College Presidents: Take a Public Stand on U.S. News Rankings Scandal
The U.S. News & World Report college rankings scandal stinks to high heaven, which creates a huge opportunity – and need – for college presidents to speak out publicly about the sham the ratings have become.
And, critically, about what needs to change.
Because if higher education leaders can’t step up and offer some real insight and guidance to their potential customers at a moment like this, American families are likely to end up as permanent captives to a system that distorts and misleads high schoolers about critical life and education decisions.
The revelation of Columbia University’s egregious data falsifications ripped the cover off one of the most obvious false premises in higher education: that universities and colleges can be precisely “ranked,” and that there’s algorithmic clarity about what makes one university better than another.
Another fallacy: that there’s one master ranking that applies to all prospective college students. No matter how many tut-tutting disclaimers it applies to its own rankings, U.S. News needs high schoolers and their parents to believe the fiction that its rankings are universal.
So, what should a college or university president say about all this – and where?
- Start by acknowledging that the much-heralded annual rankings have not been a reliable measure of a college or university’s true value for some time now, if they ever were. Concede that your institution, like many others, has felt compelled to participate or risk being left behind come application season.
- Instead of backing away from the controversy, embrace it. Get your Stats 101 faculty to help you analyze the rankings themselves. Here’s an absurdity: for the 2022–2023 academic year, U.S. News lists three ties among the top 10 schools based on thousands of data points and allegedly complex weightings. A solid mathematical smackdown will help make the point that these ratings aren’t what they purport to be.

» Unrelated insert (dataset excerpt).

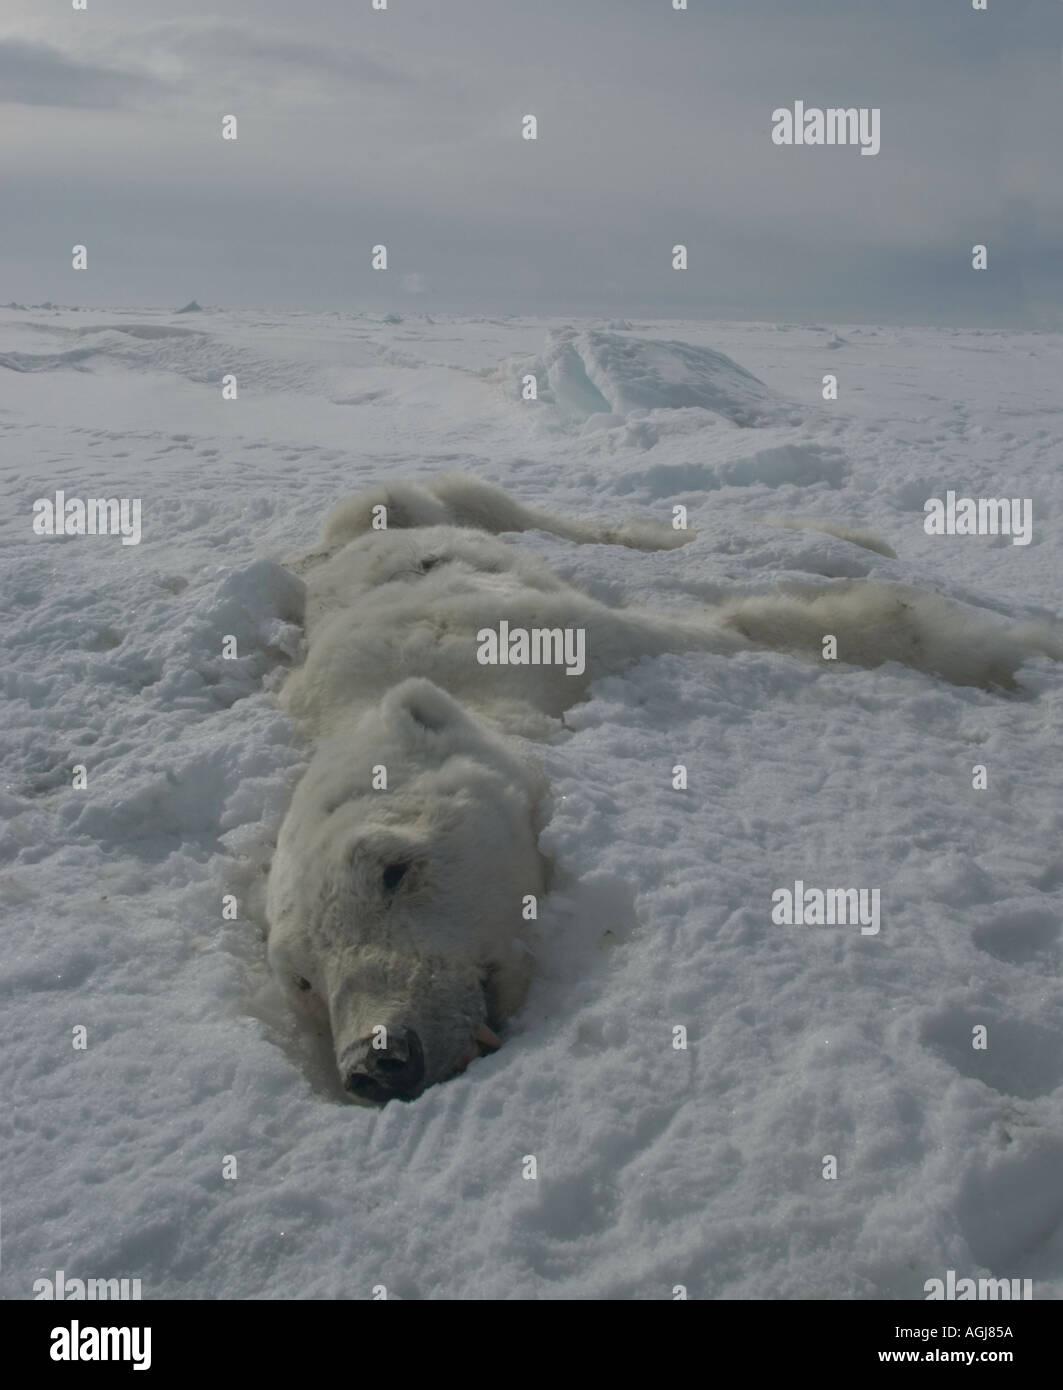 A l'ours morts de faim pendant l'hiver et pourrait devenir une chose commune que le changement climatique diminue que ica mer Banque D'Images

- Say out loud what you’ve been saying privately: that these detailed ratings do a severe disservice to students, their families, and your institution by forcing you and your team to pursue many of the wrong objectives for the sake of the “rankings.”
- Did your institution fudge any data? No one believes that Columbia was the only institution that did. It was the only one that got caught. If your team spun a little too hard, this would be a great time to admit it and explain the pressures that led to it. Real credibility would also accrue.
- Make the point that participating in these ranking systems diverts time, energy, and dollars from the actual business at hand, which is education and the development of future leaders for our society. And just as important, this is a chance to highlight positives and metrics that aren’t used in rankings but that have a powerful impact on your students’ education.
No one is suggesting college presidents go off on an anti-U.S. News rankings crusade. But in concise, direct language, they can and should make clear that they do not endorse a system that can be so readily manipulated, or where honest errors in data collection can and probably do happen all the time.
Without question, news outlets need higher education leadership’s insight and context here. America’s newsrooms are decimated from two decades of Internet competition – they don’t have that 30-year veteran higher-education reporter on staff anymore, the one who could have helped make sense of this scandal and explained to 11th-graders and their parents what to do about it.
But college presidents and university chancellors can. The right response is to give key audiences a reflective and honest take on this ranking scandal and what to do about it.